Ketika ilmu pengetahuan telah menjamah akal kesadaran manusia hanya pada tataran otak, maka ruang rasa di hati manusia tetap harus diketuk melalui karya seni, sebab hati adalah pembeda manusia dengan makhluk hidup lainnya.

Hati yang mampu disentuh melalui karya seni adalah hati yang memiliki empati, kemauan digerakkan dan terbuka celah dalam soal-soal pengabdian sebagai rangsangan kesadaran jiwa karsa.

Seni Kritik Tiga Seniman Aceh

Din Saja adalah sosok seniman sastra dengan karya puisi-puisinya  yang selalu hangat dibicarakan di Aceh juga Jakarta. Din Saja membawa sajak-sajaknya tidak hanya sebagai lambang perlawanan atas pembungkaman hasrat mengkritik kebijakan, bahkan dengan bahasa-bahasanya yang sederhana, penyair campuran Padang-Aceh tersebut kerap membuat penikmat sastra puisi terperangah dengan diksi-diksi berani.

Penyair ini melalui puisi yang dibacakannya kerap mengisi kompilasi bahasa verbal dengan artikulasi terjaga dan tegas, sebagai pengeksekusian tulisannya sendiri, Din Saja ternyata memang lebih sering tampil ekspresif dan berpanggung dalam kondisi sesederhananya seorang petualang kritik.

Bagian-bagian bait dalam puisi-puisinya sering sekali mendapat pencermatan dengan pertimbangan tipografi puitikal jenis orasi, walaupun banyak juga puisi Din Saja yang memerlukan permenungan untuk mendalami makna ‘dalam’ atas apa yang ingin diungkap sebenarnya lewat bahasa simbolik.

Fuadi S Keulayu bagi kalangan muda yang lebih mengenalnya dapat membincangkan permukaan tanda dalam suara-suaranya yang khas, selain pandai mengarang lirik untuk kebutuhan musik etnik, lelaki dari Pidie Jaya ini memanfaatkan kemampuan bermain biola maupun gitar untuk tujuan-tujuan lain diluar bermusik, yakni berhikayat.

Hikayat bagi seniman yang kerap tampil dalam komunitas ini mempunyai ornamen (isi) kisah panjang konflik, bencana alam dan bencana sosial. Fuadi yang lihai bertamasya dengan sejarah seni Aceh melalui Biola Aceh secara pertunjukan sering pula membuat decak tawa karena kemampuannya menyisip kritik dengan cara leluasa penuh lelucon yang ironik.

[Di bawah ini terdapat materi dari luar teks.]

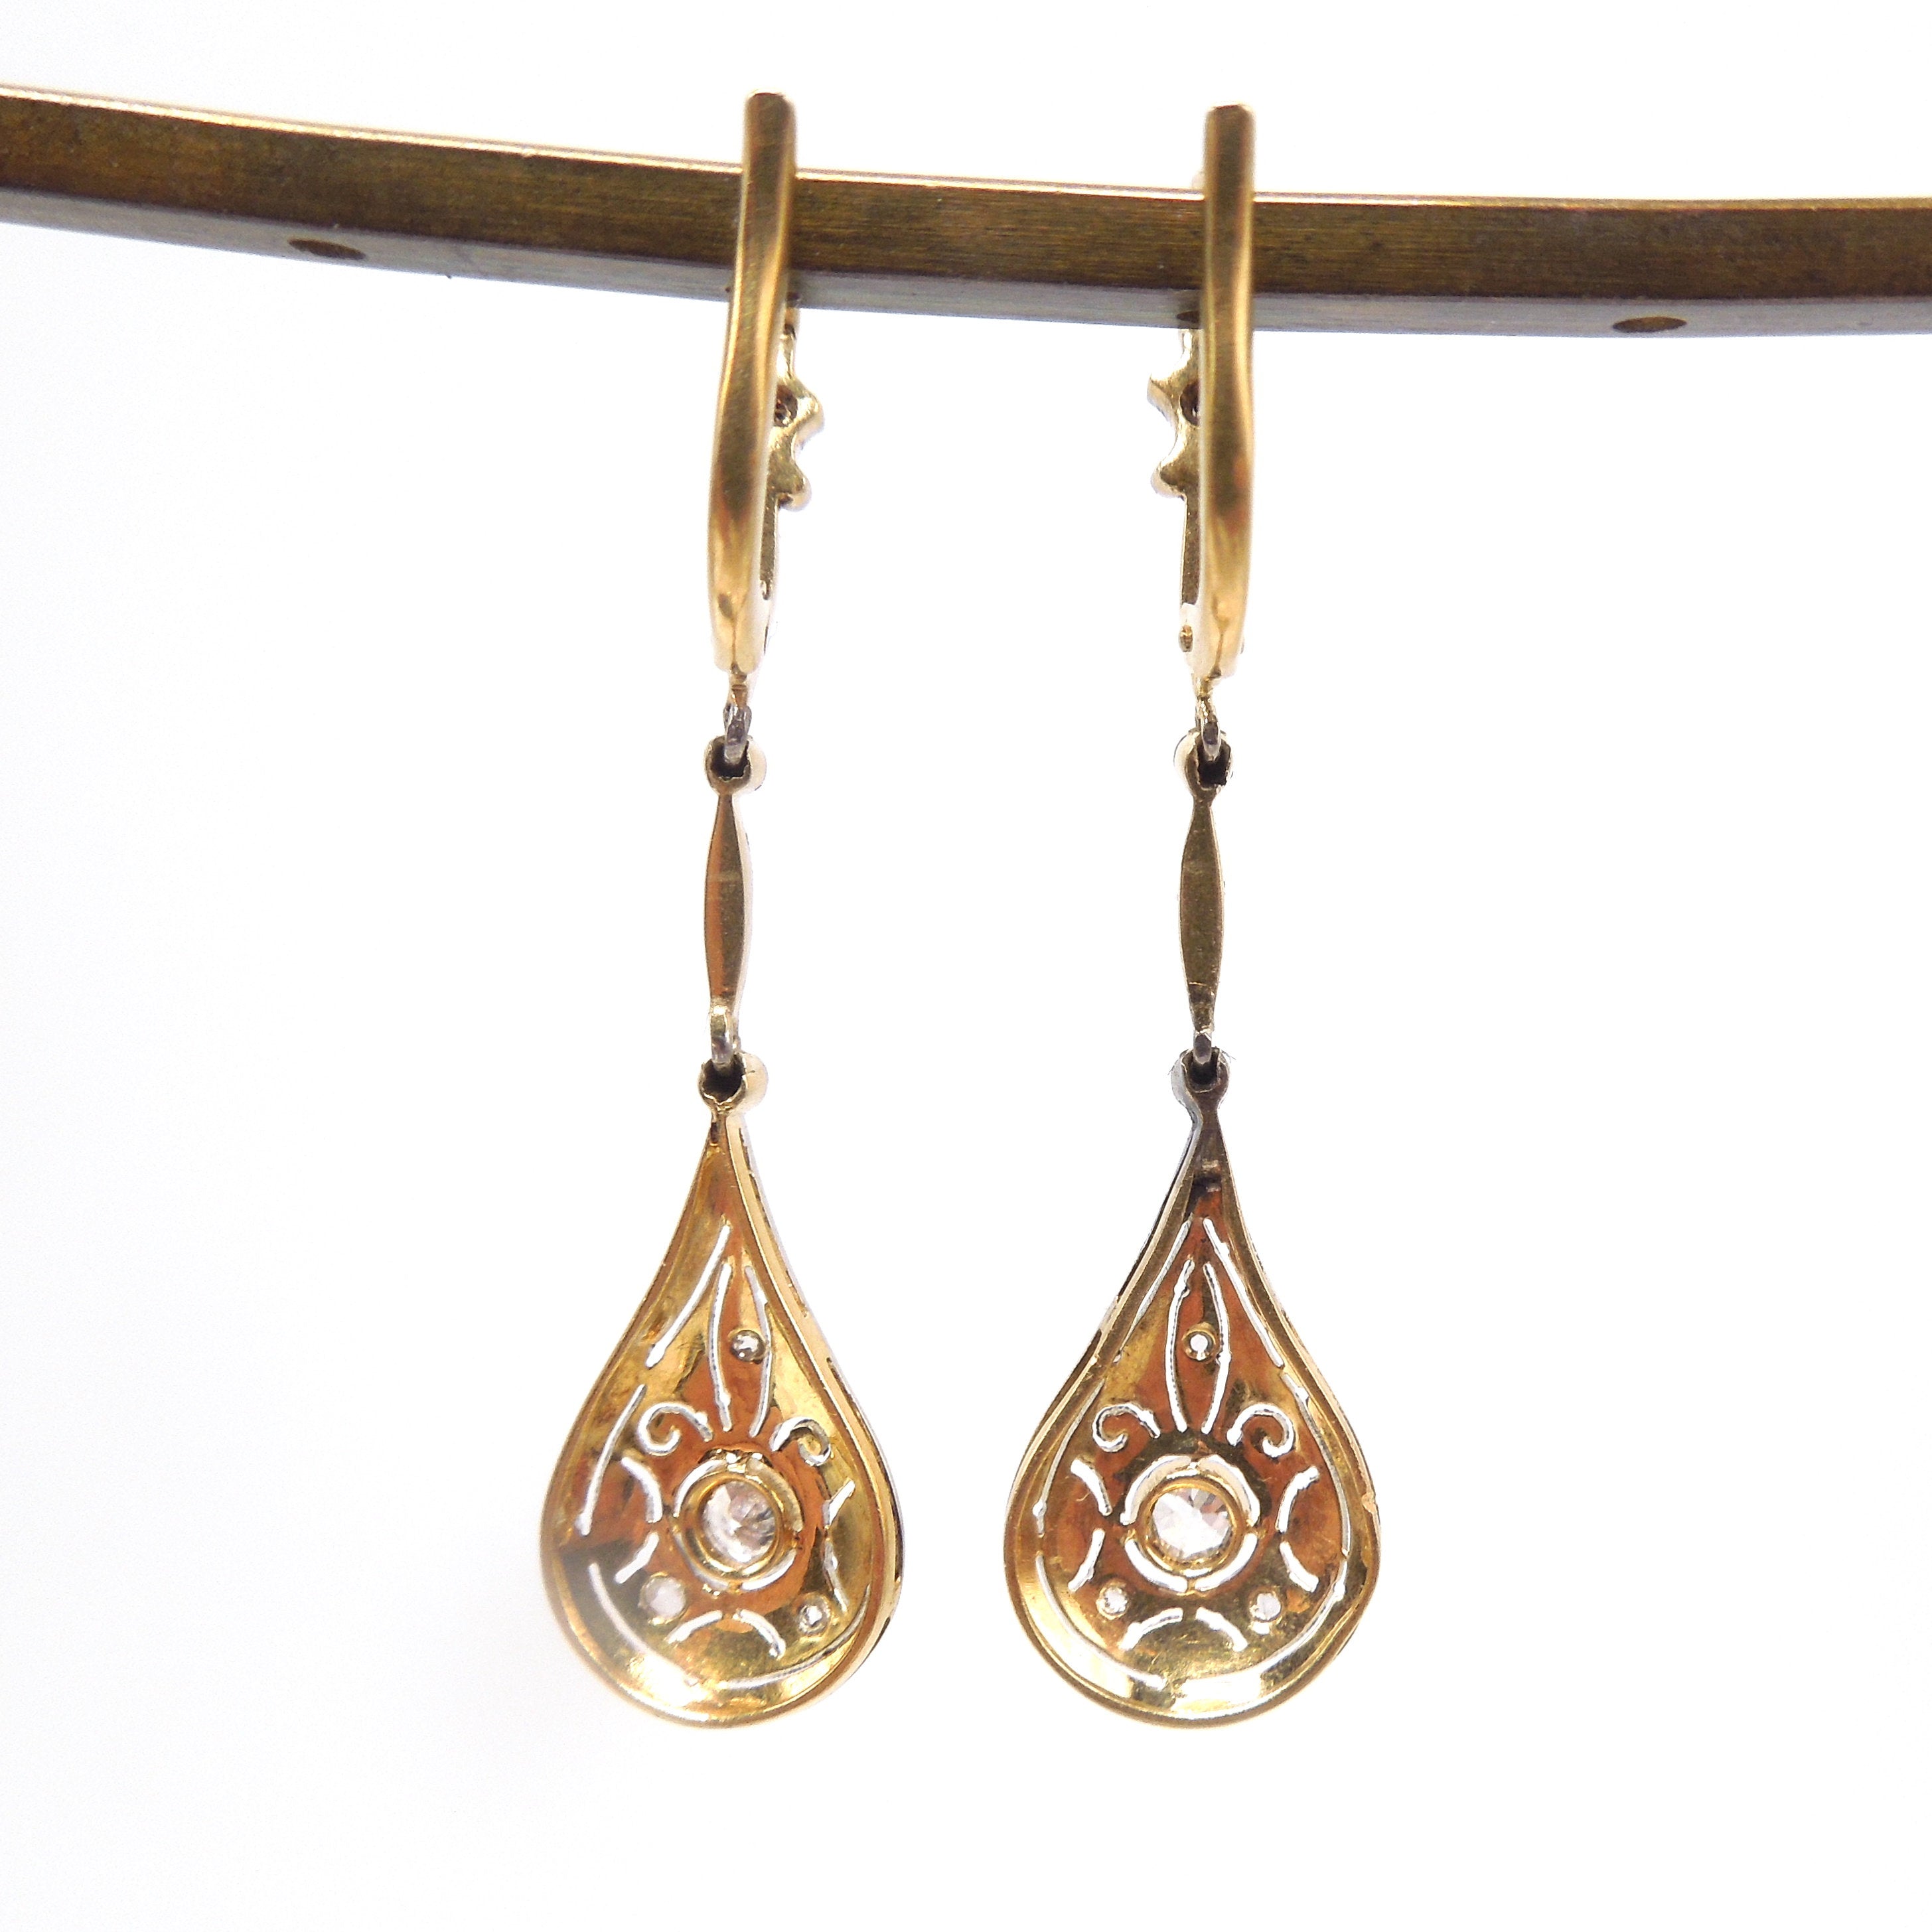 Edwardian Platinum and 18K Yellow Gold Drop Earrings with European and Rose Cut Diamonds

Beraksi dengan alat musik asal Eropa, Fuadi tanpa sungkan meneriakkan teks-teks berdarah dalam nuansa pengingat dan kabar lama yang mesti terus diingat, tetapi pembedanya bukan pada karakter vokal nyanyian ataupun tipikal sosok Aceh dengan bahasa Aceh (dialek)-nya yang khas, Fuadi memberi lebih banyak penekanan bahwa Aceh dalam karyanya adalah ideologi puncak kelu dari tipu.

Sering sekali tanpa disadari pelantun hikayat Aceh tersebut orang-orang yang hadir menikmati pertunjukannya menagih perang sebagai perburuan kemerdekaan, tentu saja perang dalam makna seni perlawanan atas kekuasaan Jakarta dan tunggangan politik di daerah modal yang selalu dia anggap tekor (merugi).

Sarjev Hirzi bukanlah seniman yang dibatasi ruang kekaryaan, sosok ini selain berpanggung di Aceh, Medan, Jakarta juga mengupayakan terobosan berpanggung di luar Asia. Karya-karyanya dikenal identik dengan Aceh masa kejayaan, perpaduan keetnikan yang dipadu dengan kreasi masa kini baginya selalu mendapat jalan, dikenal juga sebagai penerobos hambatan dalam membangkitkan kesenian di daerah agar dapat secara kolosal dipertunjukkan. Seniman multitalend tersebut identik dan lebih tepat jika disebut sebagai Trah Persekutuan The Krak.

Seniman kelahiran Lhokseumawe ini adalah sosok yang akrab dengan orang-orang politik, sejak bergelut di Pulau Jawa dan sekitarnya, Sarjev dikenal dengan pendobrak seni Aceh atas batas-batas yang diciptakan oleh pikiran ke-Acehan yang sempit.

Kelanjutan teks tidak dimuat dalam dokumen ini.